2. Ariana and Frendt walk past the orb-absorbing object.
3. Frendt rings a bell that causes the white orb to appear.
4. Time rewinds to when they would have approached the white orb, but hadn’t because it wasn’t there.
5. Ariana encounters and collects the white orb.
6. Ariana loses the white orb to the absorbing thing.
7. Time rewinds to have Ariana collect the orb again.
8. Ariana puts the orb on the first pedestal.
9. The pedestal moves, and in doing so, gets too close and loses the orb to the absorbing thing.
10. Time rewinds to have Ariana collect the orb again.
11. Ariana puts the orb on the second pedestal.
12. The pedestal moves further down the path as Ariana and Frendt walk past the orb-absorbing thing.
13. Ariana re-collects the orb from the pedestal.
14. Ariana and Frendt proceed to the end of the level.

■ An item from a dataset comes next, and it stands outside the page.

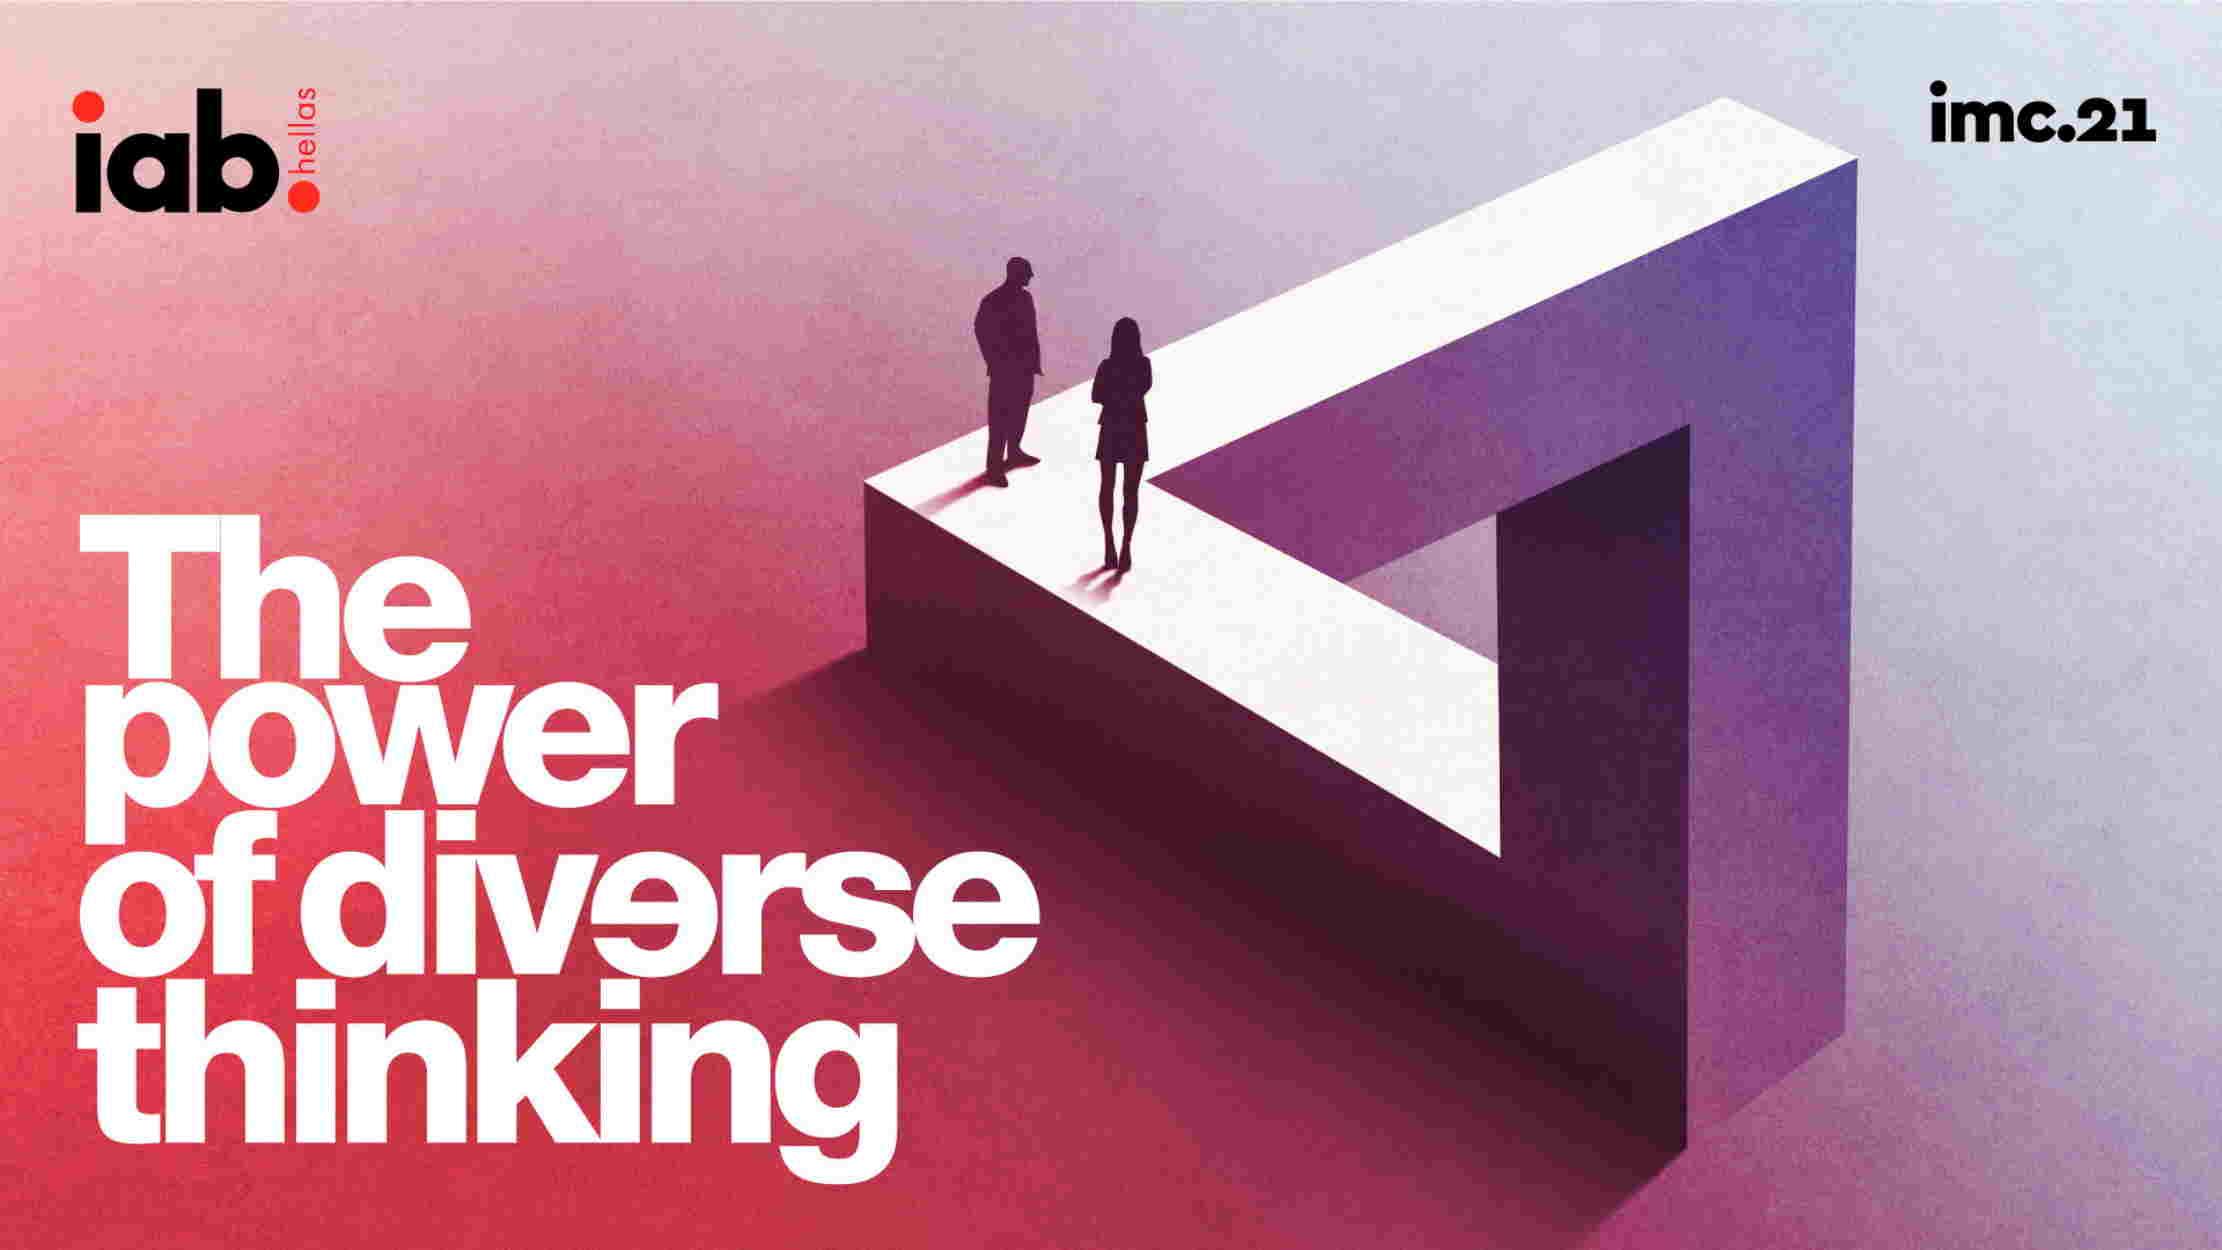 LIVE: Παρακολουθήστε δωρεάν το 1ο event του IMC 201 για τη Διαφήμιση και την Επικοινωνία
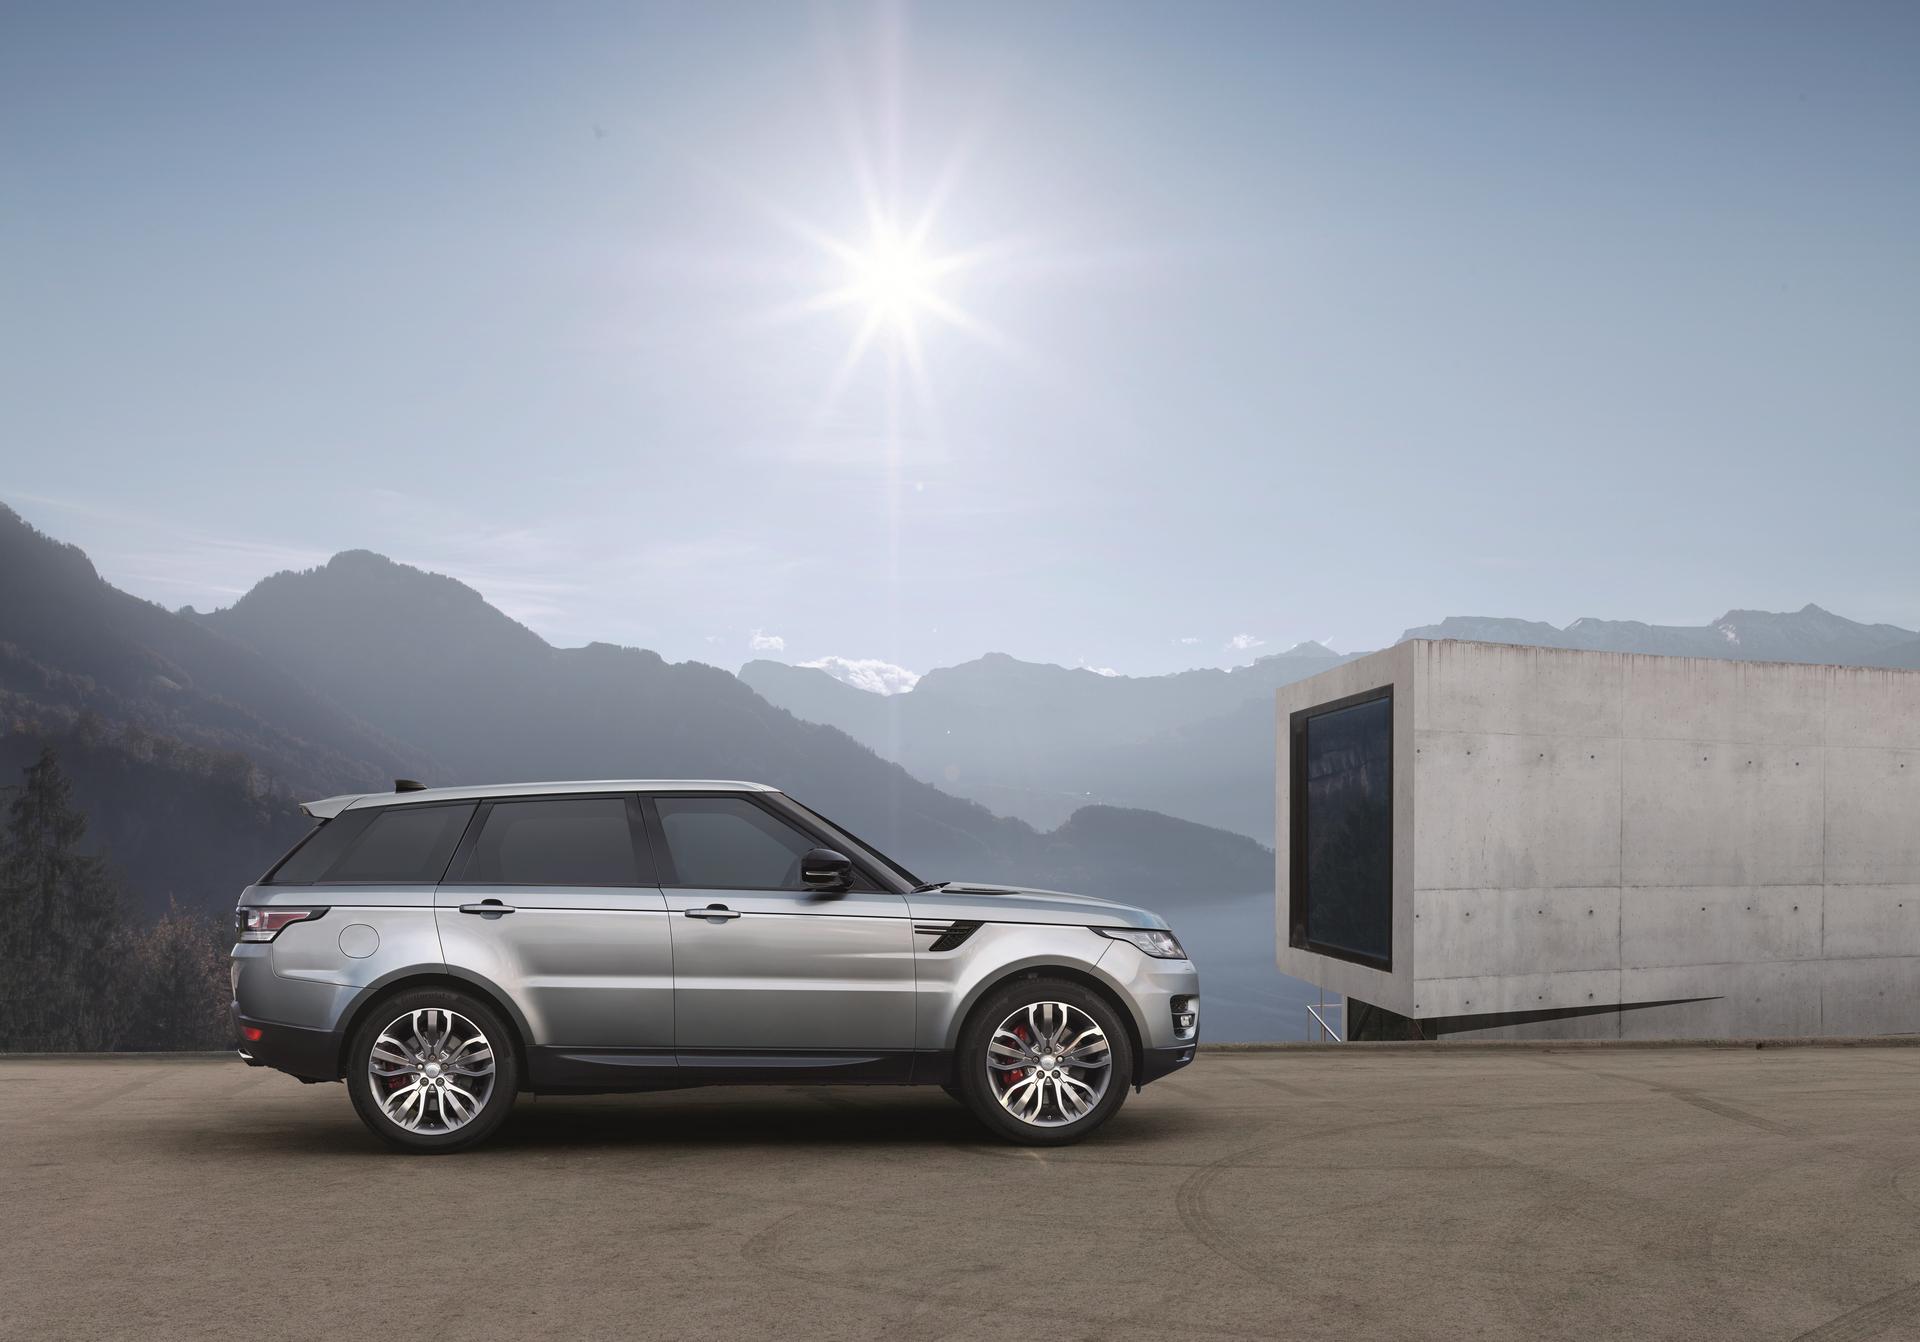 2017 Range Rover Sport © Tata Group

But from the perspective of the characters the series of events would unfold like this:

1. Ariana and Frendt set off through the island.
2. Ariana encounters and collects the white orb.
3. Ariana places the orb on a pedestal.
4. The pedestal moves further down the path as Ariana and Frendt walk past the orb-absorbing thing.
5. Ariana recollects the orb from the pedestal.
6. Ariana and Frendt proceed to the end of the level.

It’s in thinking about these differences in perspectives that I start to get a headache, but a good kind. It’s similar to when you watch too many videos about how the fourth dimension works. It’s inherently a concept that is difficult to wrap your head around since your brain isn’t built to understand the world in that way. From their perspective there is no way to understand, or even observe, the causality of events that occur for them to reach their goal. Objects could appear out of nowhere, one of them could suddenly teleport, or seemingly nothing could happen as they stroll through the island.

While it’s fascinating to think about things in this way, the game isn’t presented from their perspective, but one where you can observe the causality of events. Yet from that perspective it manages to convey some complicated theoretical concepts about time and space in a way you can understand, without you really noticing it. Just keep some pain relievers handy.

The Gardens Between was created by The Voxel Agents. You can get it on Switch, PS4, and Steam (Windows / Mac OS) for \$19.99. It takes about two or three hours to finish.